Made is a 2001 American crime comedy film written, directed and co-produced by Jon Favreau. It stars Favreau, Vince Vaughn, Peter Falk, and Sean Combs. It was both Favreau's feature directorial debut and Combs’ acting debut.

Plot
Bobby has ties to the local mafia boss, Max, but works as an honest mason for Max's construction projects. He fights in amateur boxing matches on the side, but his career is lackluster (five wins, five losses, one draw). Struggling to support his stripper girlfriend Jessica and her daughter Chloe, Bobby decides to do a mafia job for Max. Against his better judgment, he brings along his ne'er-do-well friend Ricky.

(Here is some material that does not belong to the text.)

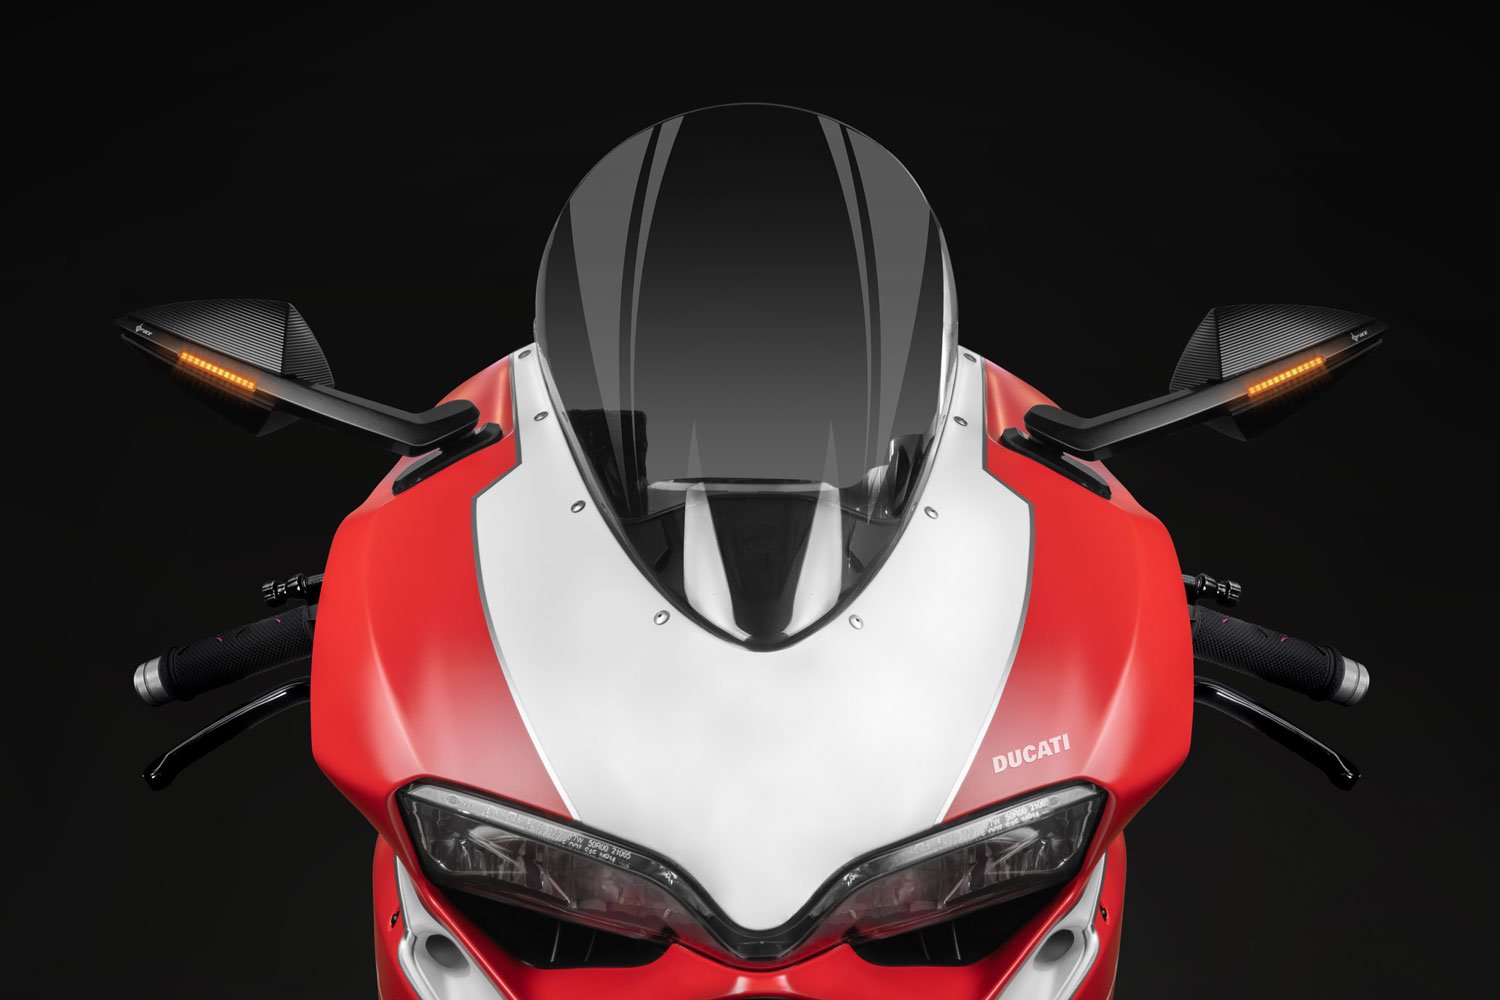 35937円 海外最新 Mirror 琥珀色のターンシグナルライトリアビューミラーフィットDucati 1299 Panigale S 15-16 Amber Turn Signal Light Rear View Mirrors Fit For Ducati

Bobby and Ricky go to New York to act as Max's representatives for a money laundering deal with his East Coast partner, Ruiz. They meet Jimmy, who will be their driver, and Horrace, who is connected to both Max and Ruiz. Ricky and Bobby squabble throughout their trip as Ricky tries to live large while Bobby wants to stay cautious and stick to the letter of Max's instructions. Ruiz has a low opinion of the pair, but sends them off to show his criminal contact, the Welshman, a good time. Gaffing several times along the way, the pair eventually manage to arrange a deal between Ruiz and the Welshman's Westie contacts.

Ricky grows suspicious of Ruiz, and insists that they bring a gun to their meeting with the Westies. Bobby adamantly refuses. On the day of the meet, Ricky has disappeared, but Jimmy insists that Bobby carry on with the meeting. As Bobby begins to grow suspicious of Jimmy, he meets with the Welshman and the Westies. The Westies double-cross Bobby and the Welshman, but Ricky arrives from a side entrance with a gun. A Westie recognizes Ricky's weapon as a starter pistol and a fight breaks out. Jimmy arrives with a real pistol and sends the boys away while he deals with the Westies.

Back in Los Angeles, Bobby severs all business ties with Max. Arriving home, he discovers Jessica in bed with a client and snorting cocaine. Bobby tries to convince Jessica to clean up her act for Chloe's sake, but Jessica refuses. Instead, she asks that Bobby take custody of Chloe and leave. In an epilogue set at Chuck E. Cheese's, we learn that Bobby and Ricky are now raising Chloe together, although the two friends still bicker constantly.

Cast

Movie connections
Because the film is written by Jon Favreau and stars Favreau and Vince Vaughn, it is commonly misinterpreted as a sequel to Swingers. The license plate of Jimmy's Limo, "DBLDN11," is a reference to a blackjack strategy articulated in Swingers that one should "always double down on an 11." 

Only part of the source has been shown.